Collected data entries ▸
=====

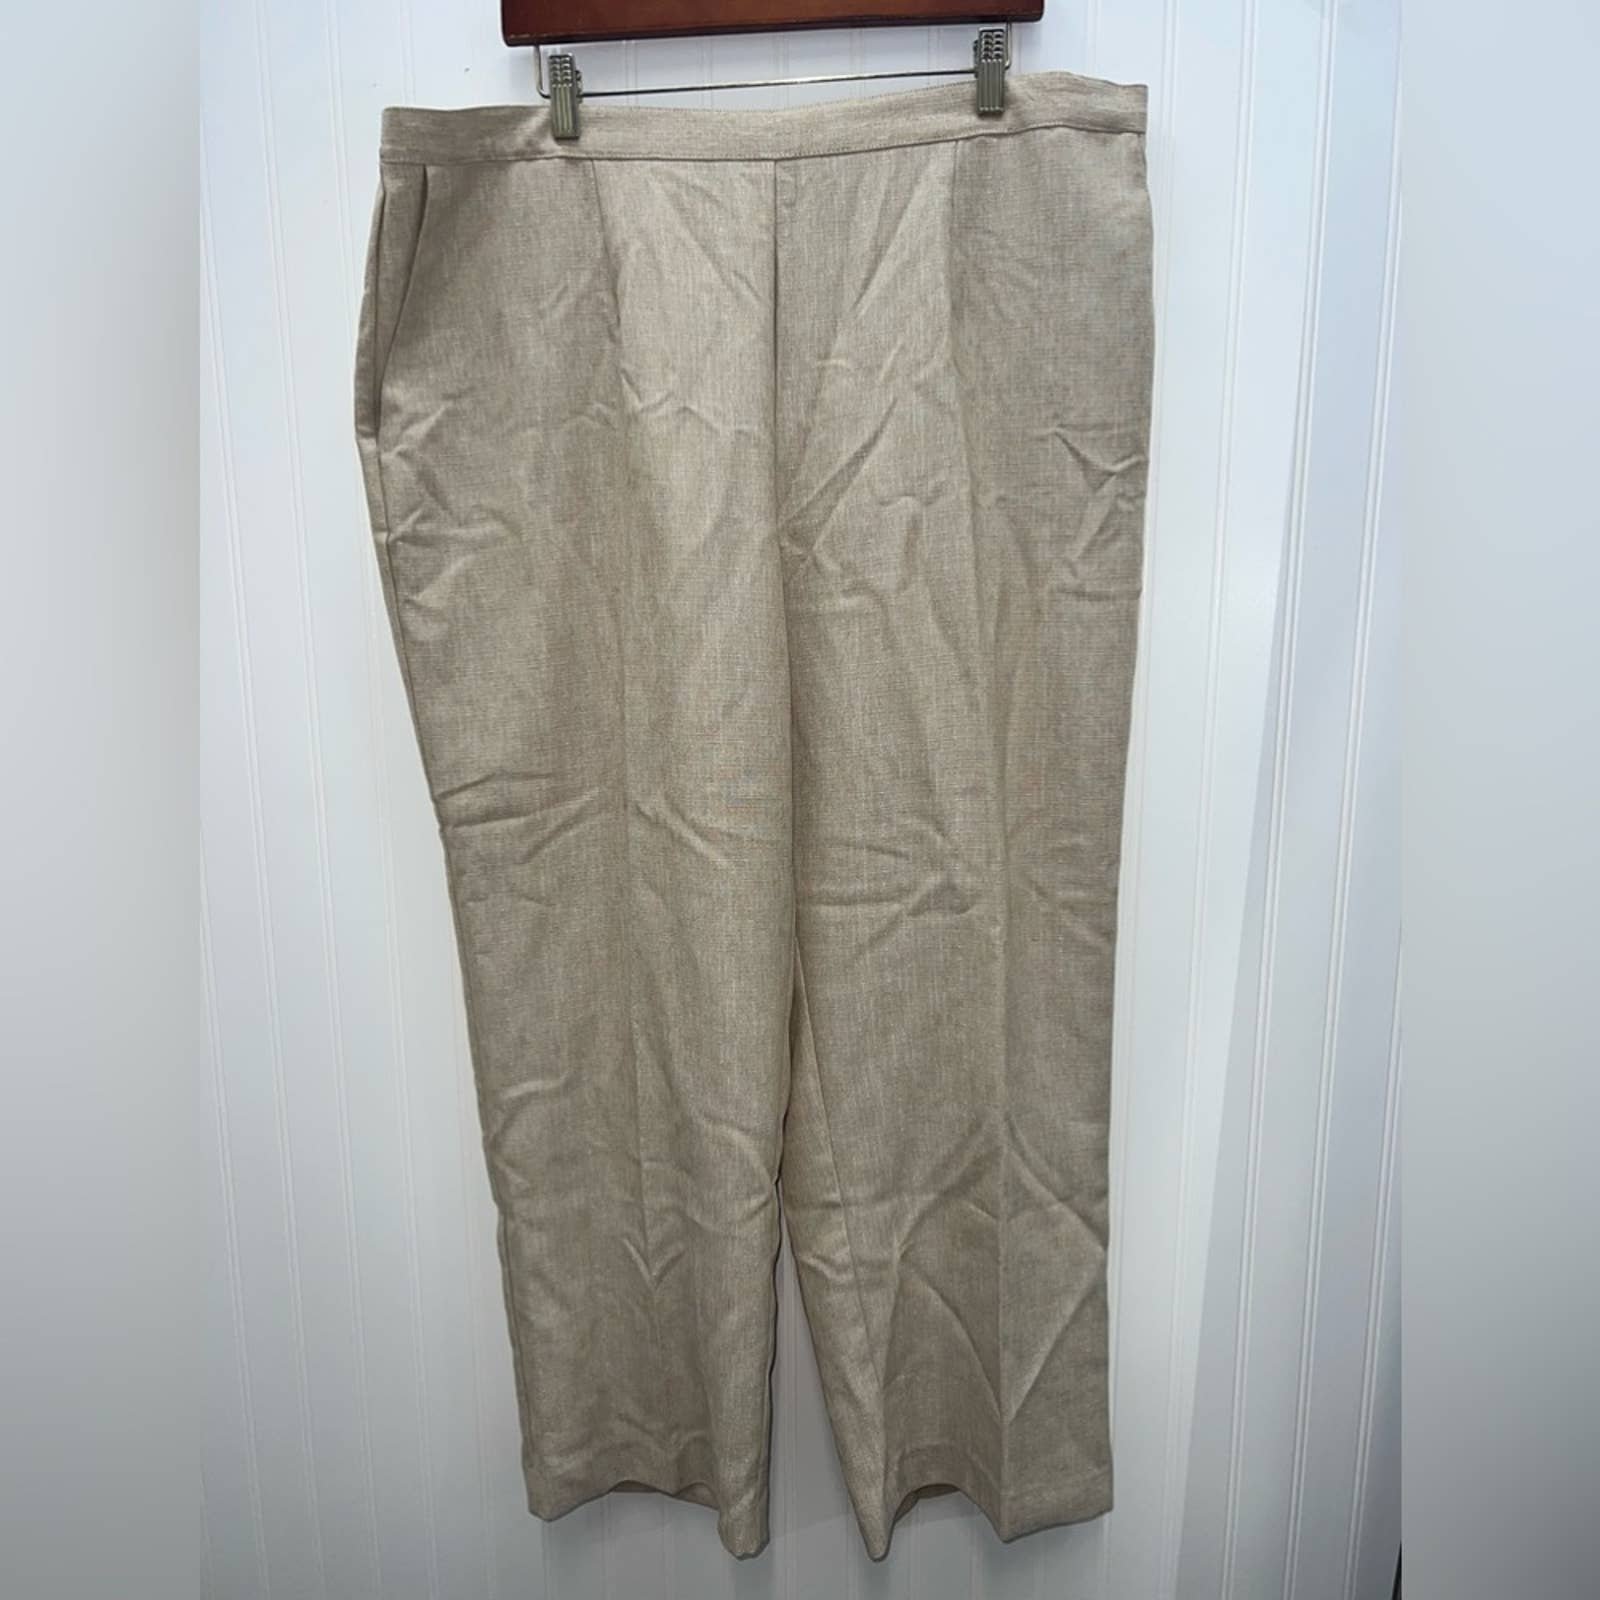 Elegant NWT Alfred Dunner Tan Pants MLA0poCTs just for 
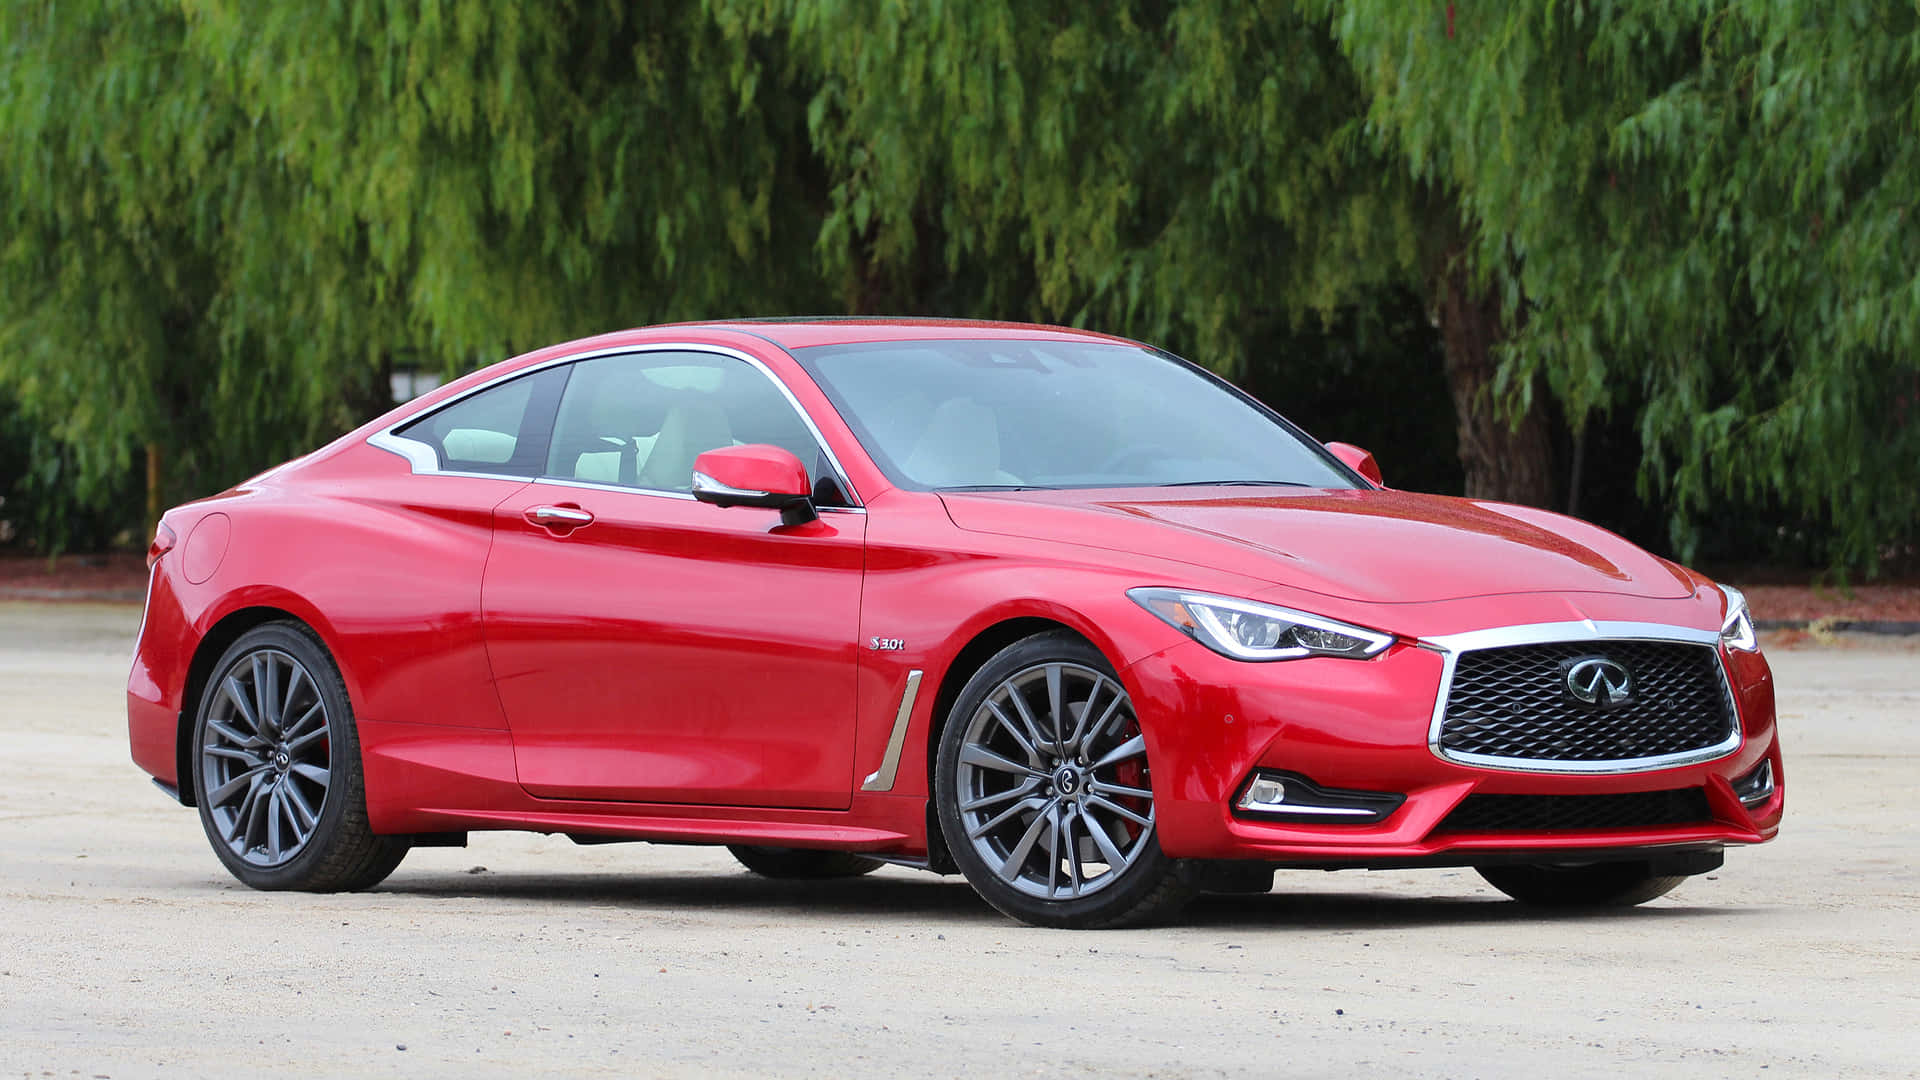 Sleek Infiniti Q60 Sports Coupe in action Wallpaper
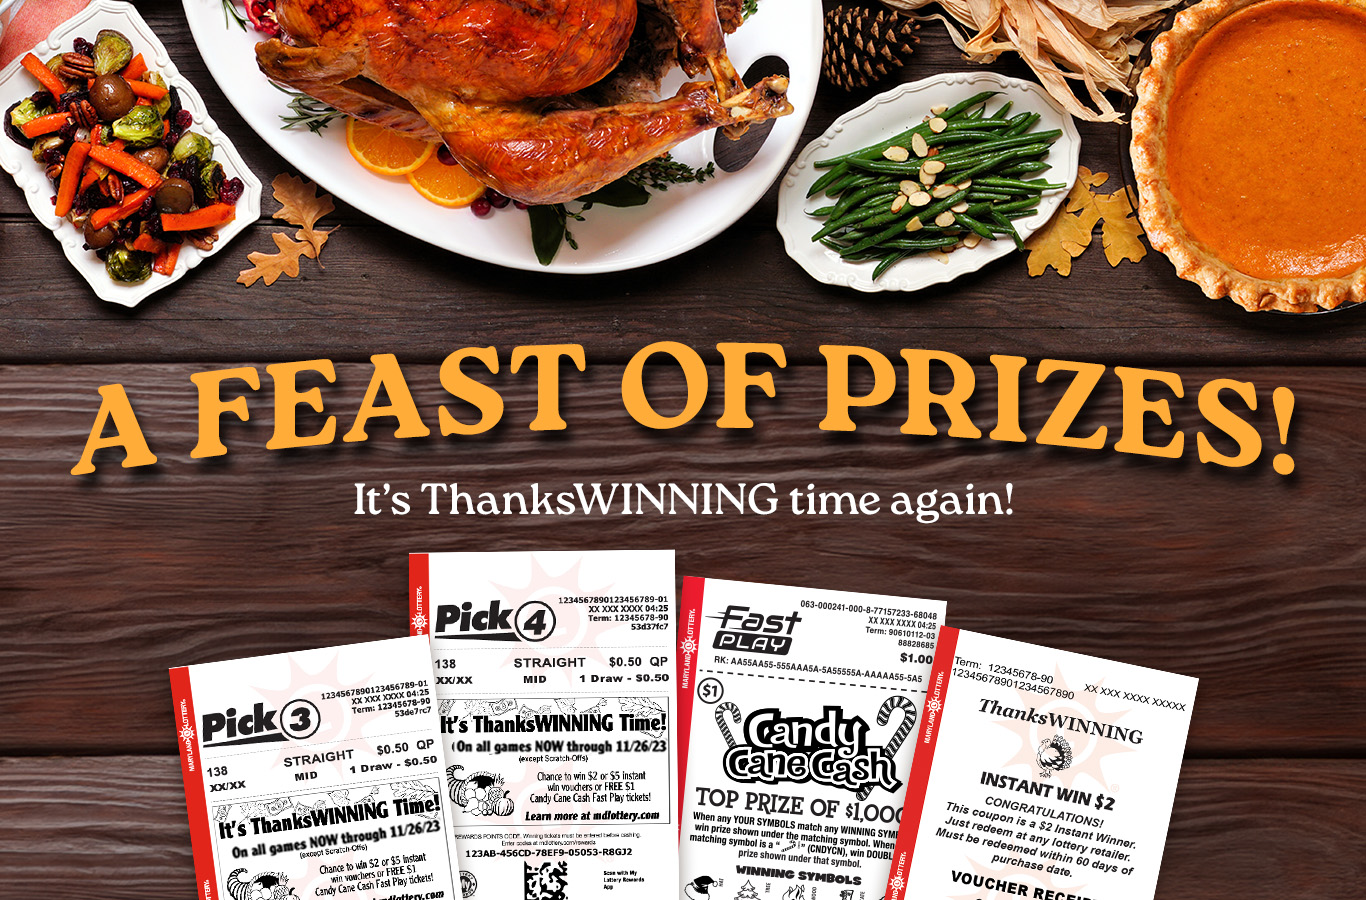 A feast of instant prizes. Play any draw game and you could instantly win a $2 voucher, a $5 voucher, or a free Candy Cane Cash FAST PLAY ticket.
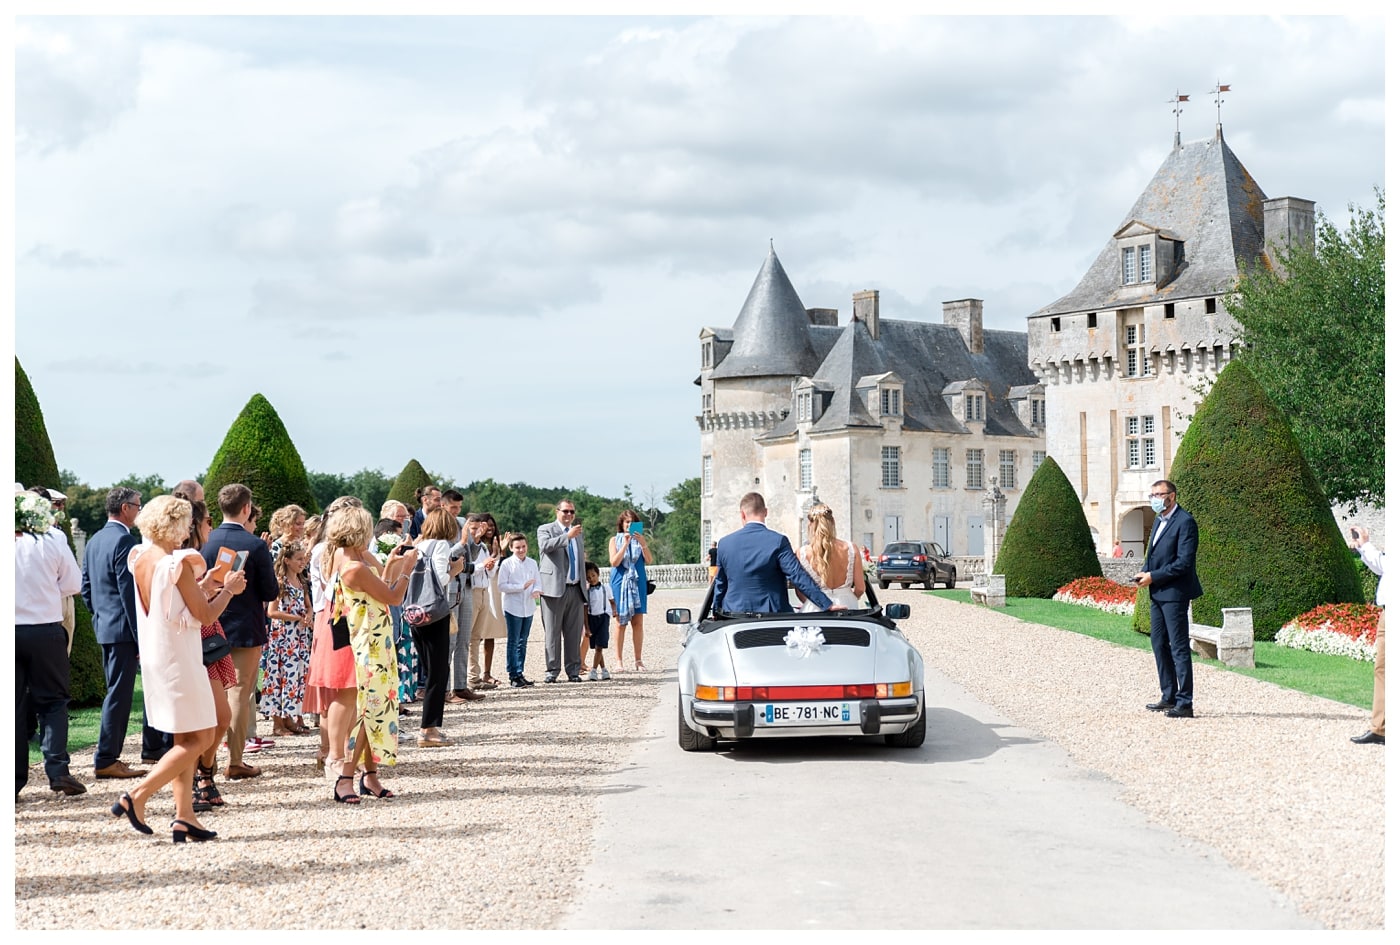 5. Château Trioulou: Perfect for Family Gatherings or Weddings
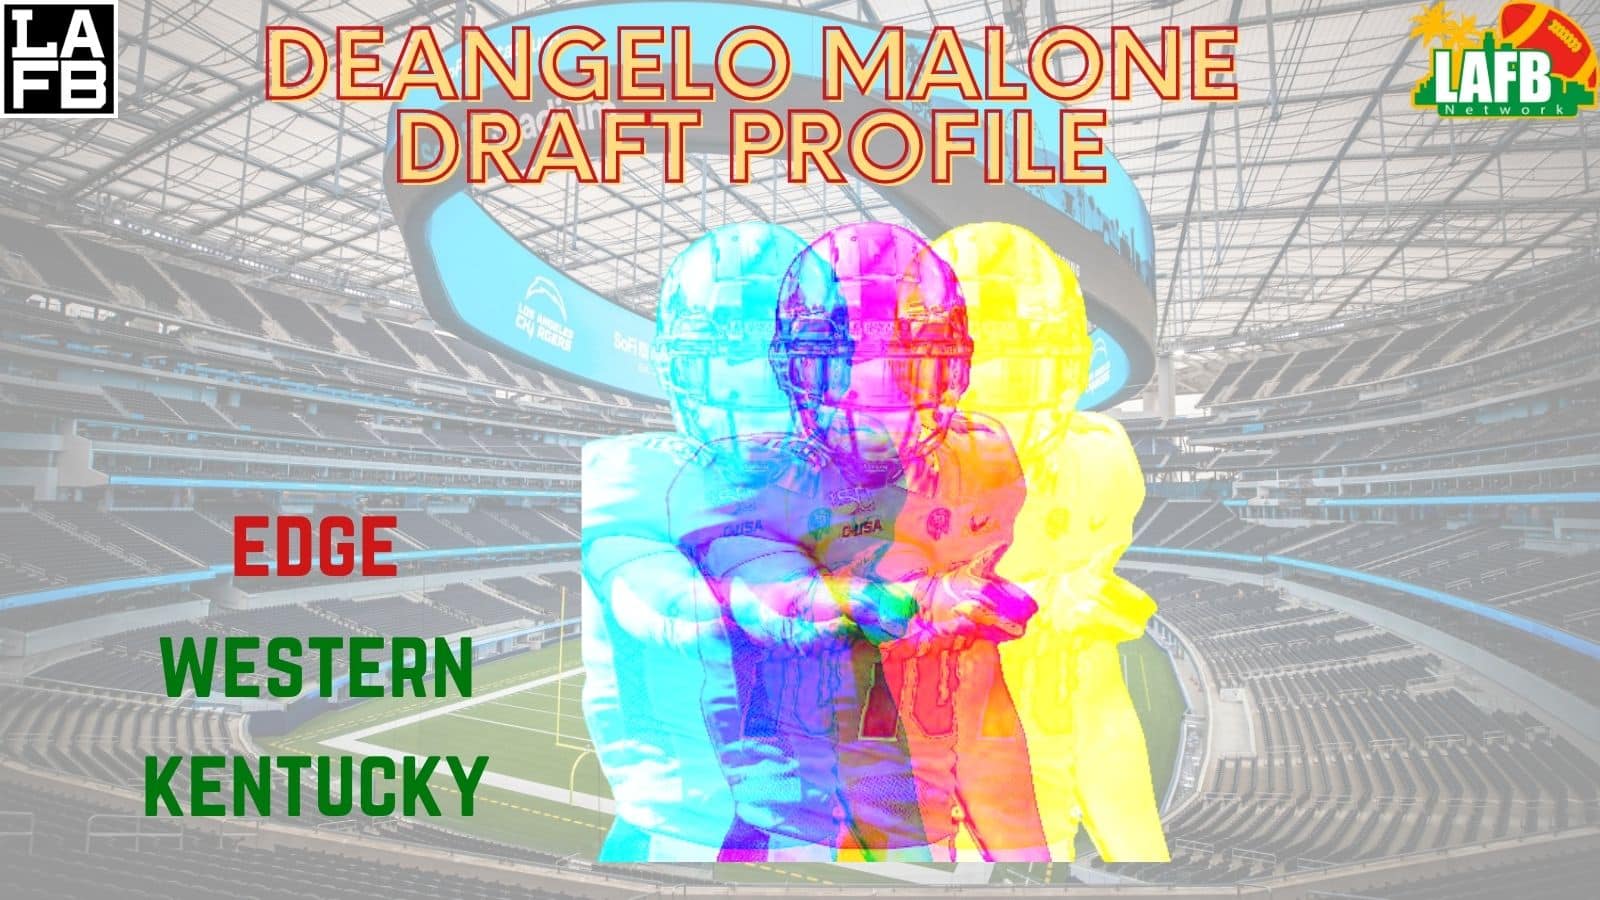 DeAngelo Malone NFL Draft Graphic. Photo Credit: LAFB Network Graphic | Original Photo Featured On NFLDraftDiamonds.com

=====

What is being asked ▸
Output each record above word for word, leaving out images.

Response to the task ▸
 Elegant NWT Alfred Dunner Tan Pants MLA0poCTs just for 
 Sleek Infiniti Q60 Sports Coupe in action Wallpaper
 A feast of instant prizes. Play any draw game and you could instantly win a $2 voucher, a $5 voucher, or a free Candy Cane Cash FAST PLAY ticket.
 5. Château Trioulou: Perfect for Family Gatherings or Weddings
 DeAngelo Malone NFL Draft Graphic. Photo Credit: LAFB Network Graphic | Original Photo Featured On NFLDraftDiamonds.com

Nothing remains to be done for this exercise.